It’s not like the City to publicly praise its employees but it’s making an exception with Mike Thomas, its director of Engineering and Development Services, who has just become the first municipal employee in British Columbia to be qualified to rate civil engineering projects using the Institute for Sustainable Infrastructure’s Envision rating system.
“Mr. Thomas’s achievement as an accredited Sustainability Professional helps Revelstoke to continue to be the standard of excellence for other British Columbia municipalities,” Chief Administrative Officer Tim Palmer said in a statement released on Monday. “We are privileged to have him on our leadership team.”
Envision™ is a collaborative effort between the Institute for Sustainable Infrastructure and the Zofnass Program for Sustainable Infrastructure at Harvard University’s Graduate School of Design. Similar in nature to the LEED rating system for buildings and facilities; Envision aims to educate citizens and increase public awareness, provide a means to quantify sustainability in infrastructure, and facilitate the adoption of sustainable design for infrastructure.

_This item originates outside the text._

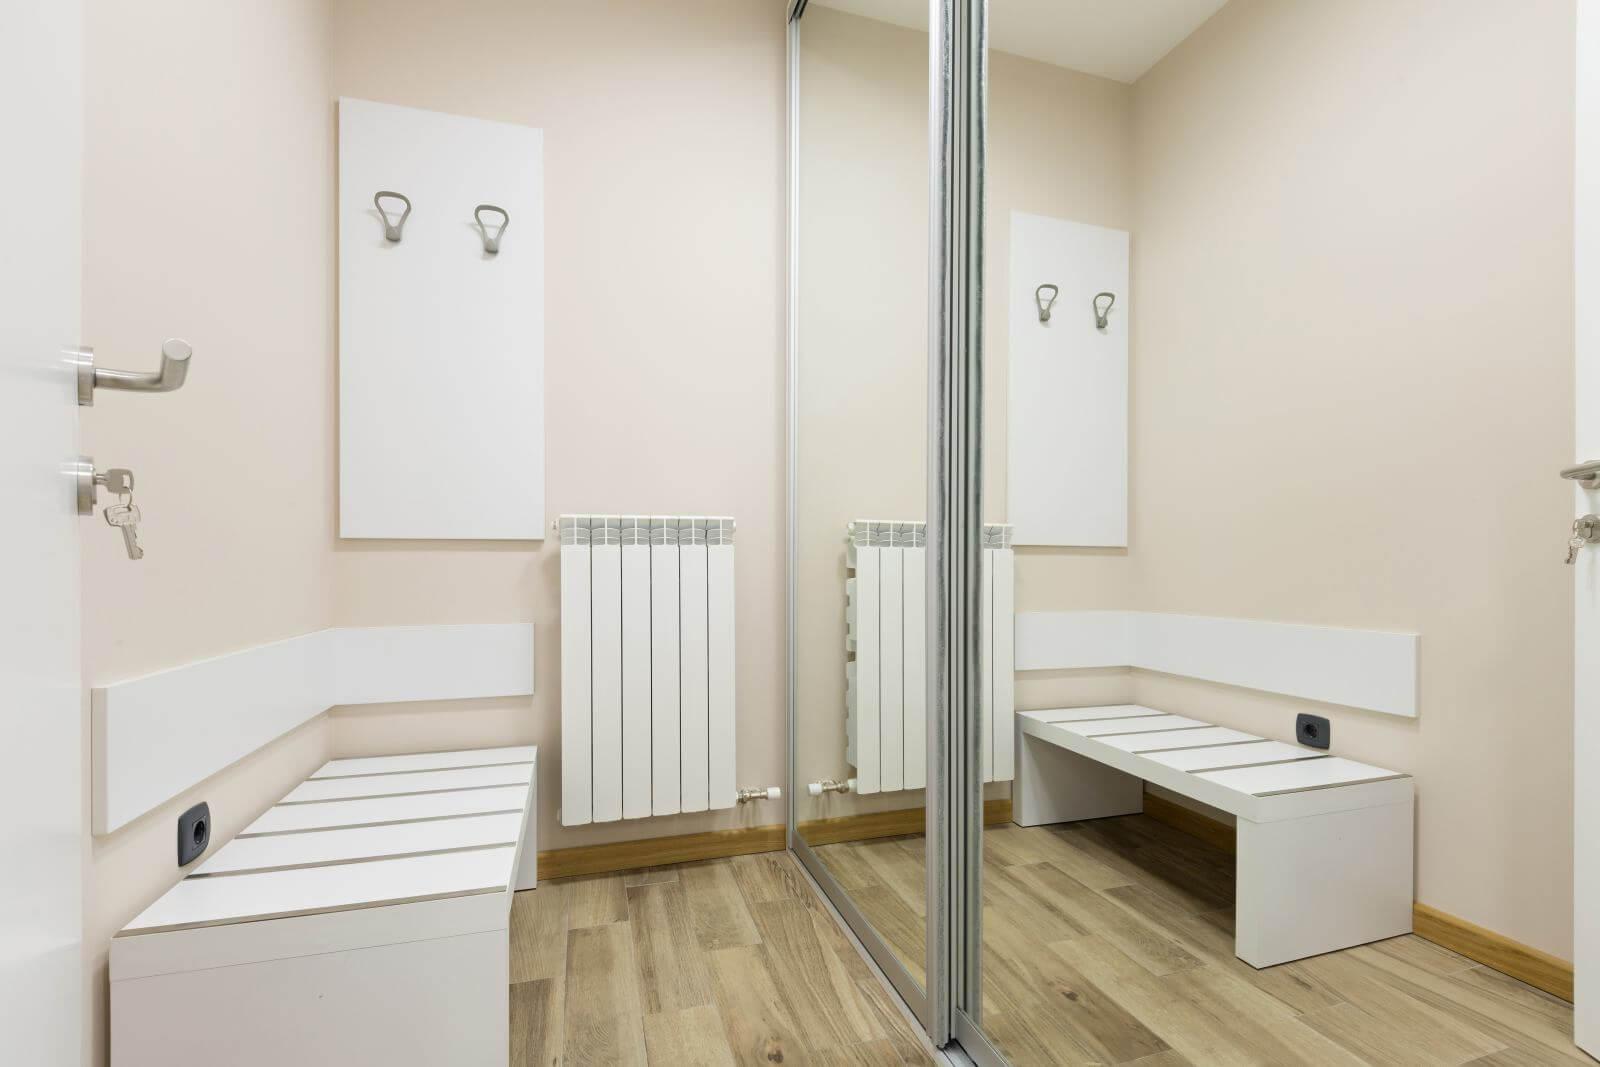 Corridor with closet and mirror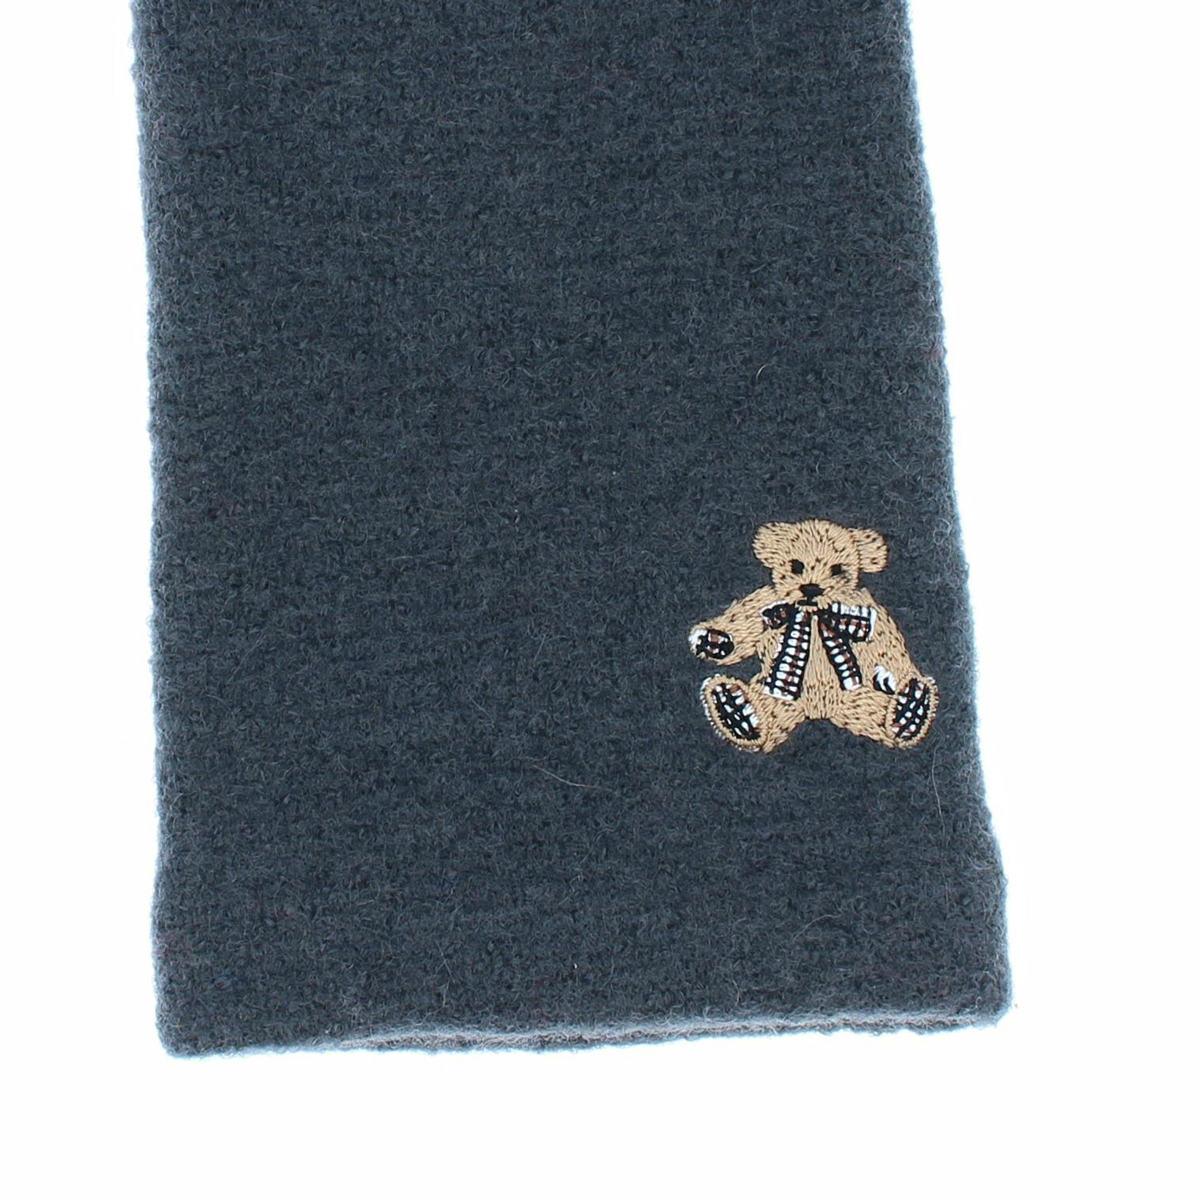 【SALE】DAKS レッキスファー指先 ウールジャージ 婦人手袋 テディベア刺繍 女性用21〜22cm(M)

“The City of Revelstoke can benefit from the Envision rating system by providing stakeholders and decision-makers with a standardised sustainability framework that can be applied to a wide range of projects, such as road works, pump stations, water and sewer pipelines, bridges, and cycleways” Thomas said in the statement. “The Envision rating system provides a sound means of measuring the benefits of innovative, sustainable infrastructure projects.”
The City of Revelstoke expects to use the Envision rating system for internal guidance and self-assessment on most civil projects, with the potential for select projects to be assessed through the formal rating process, gaining recognition for the City’s efforts toward sustainability.
Mayor David Raven congratulated Thomas on his initiative to seek out this accreditation and placing Revelstoke at the forefront of sustainable infrastructure decision-making.
“With aging infrastructure and climate risks, the City of Revelstoke is continually seeking to improve the design and delivery of infrastructure projects to protect social, economic and environmental values,” the mayor said.